To be a fully integrated member of a cross-disciplinary research team and expand your knowledge and curiosity contributing to other scientific projects - still centered around your research topic of interest.

Your profile:

You should be a motivated international-minded team player and have:

A PhD degree in Neuroscience or corresponding qualifications within circuit or degeneration neuroscience
Worked with animals and have established/used animal models.
Documented practical skills in animal handling, stereotaxic surgeries, and anesthesia.
Worked with tissue preparation for IHC and microscopic imaging used in your scientific publications.
Interest in combining different imaging and functional measurements, e.g. histology and MRI to increase the scientific impact of your project.
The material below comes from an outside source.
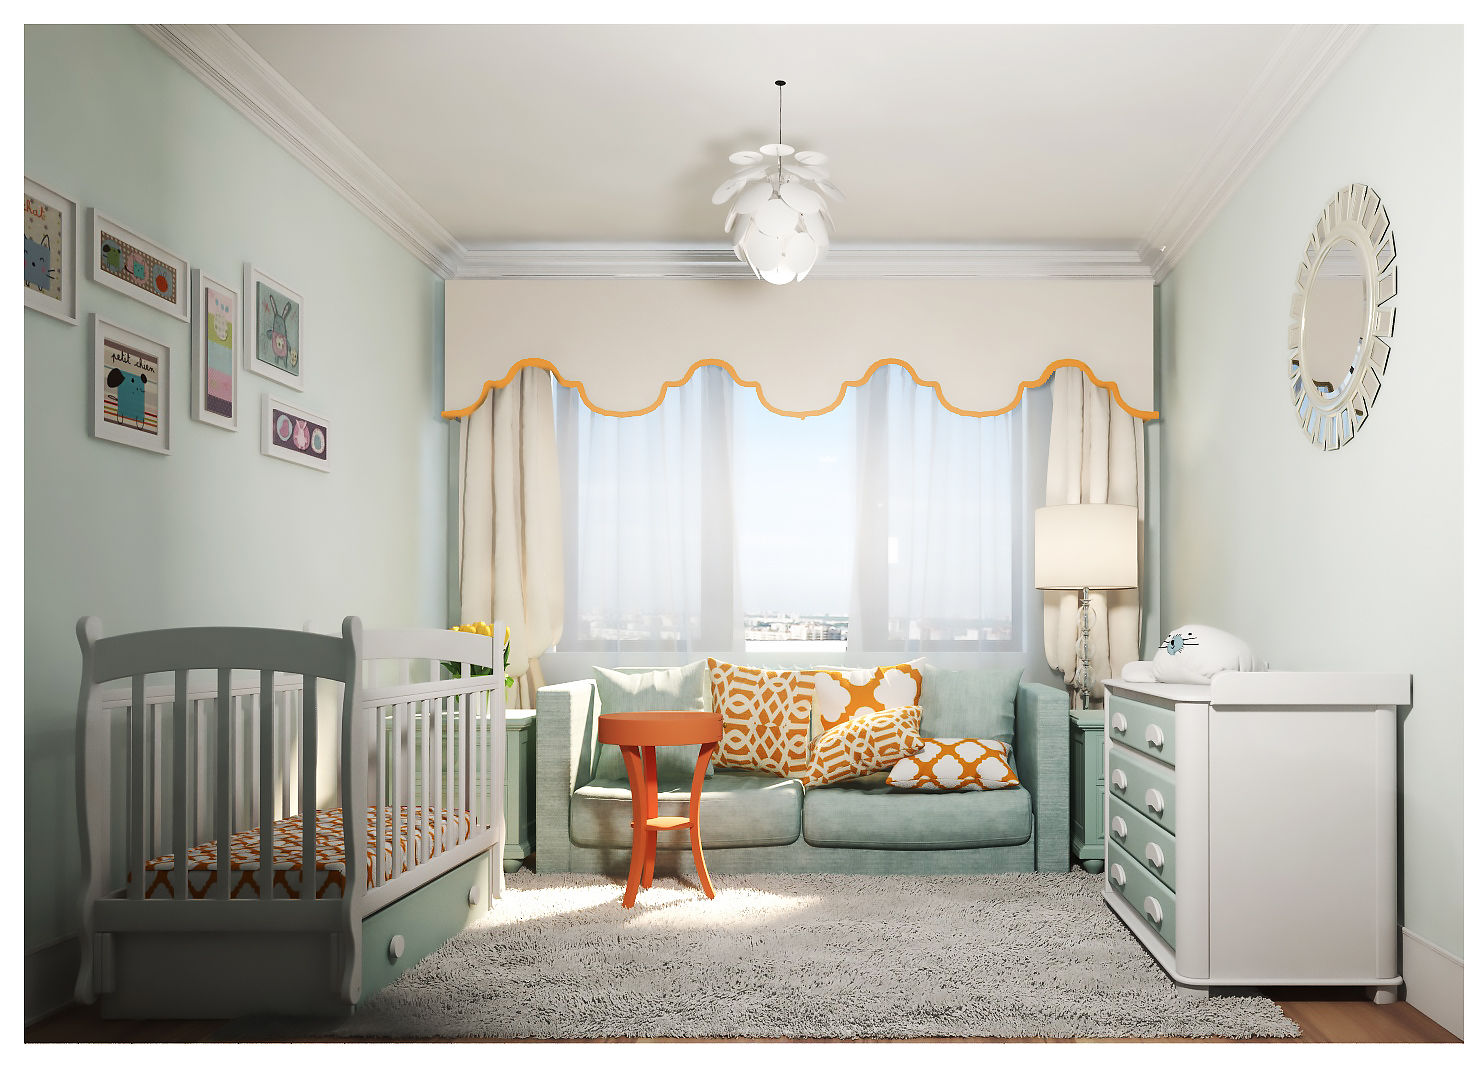 3-bedroom Apartment, Moscow , Alexander Krivov Alexander Krivov Classic style nursery/kids room

Here you will use the expertise of your group members.
Fluency in English writing and scientific communication
Independent working and thinking but also integrating with and contributing to the research team.
Furthermore, having worked with viral injections and/or single-cell or LFP electrophysiological recordings is an advantage.

About us:

The project will be carried out at the Danish Research Centre for Magnetic Resonance (DRCMR) which is a leading research centre for biomedical MRI in Europe (www.drcmr.dk). Our mission is to triangulate MR physics and basic physiology from preclinical to clinical research. Approximately 75 researchers from a diverse range of disciplines are currently pursuing basic and clinically applied MR research and its validation with a focus on structural, functional, and metabolic MRI of the human brain and its disorders. The DRCMR is embedded in the Department of Radiology and Nuclear Medicine, a large diagnostic imaging department that houses all biomedical imaging modalities at the Copenhagen University Hospital Amager and Hvidovre. The hospital has strong collaborative links with the Technical University of Denmark and is part of the newly established organisational framework, The Technical University Hospital of Greater Copenhagen (TUH).
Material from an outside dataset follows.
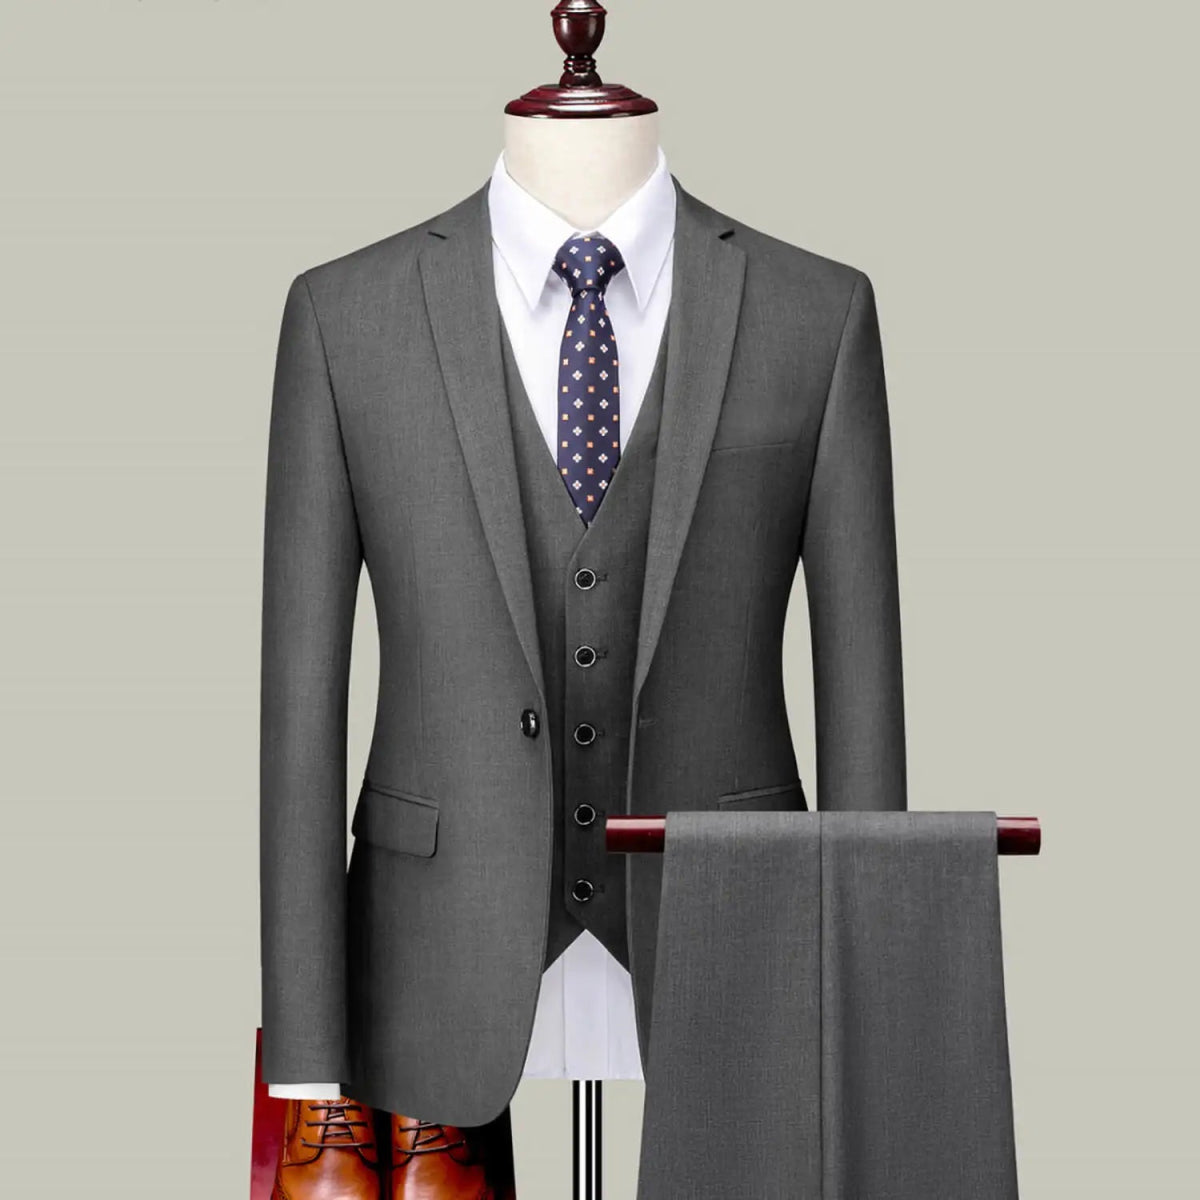 Blakonik | Elegant Three-Piece Slim-Fit Suit Set for Men - Polyester Blend - Ideal for Business, Weddings, and Formal Events - Mens 3 Piece Suit

The DRCMR has a state-of-the-art MR research infrastructure enabling translational research, which includes a pre-clinical 7T Bruker MR scanner, and six whole-body MR scanners (one 7T, four 3T, and one 1.5T scanners). The DRCMR has pre-clinical labs, a neuropsychology laboratory, an EEG laboratory, and two laboratories for non-invasive brain stimulation.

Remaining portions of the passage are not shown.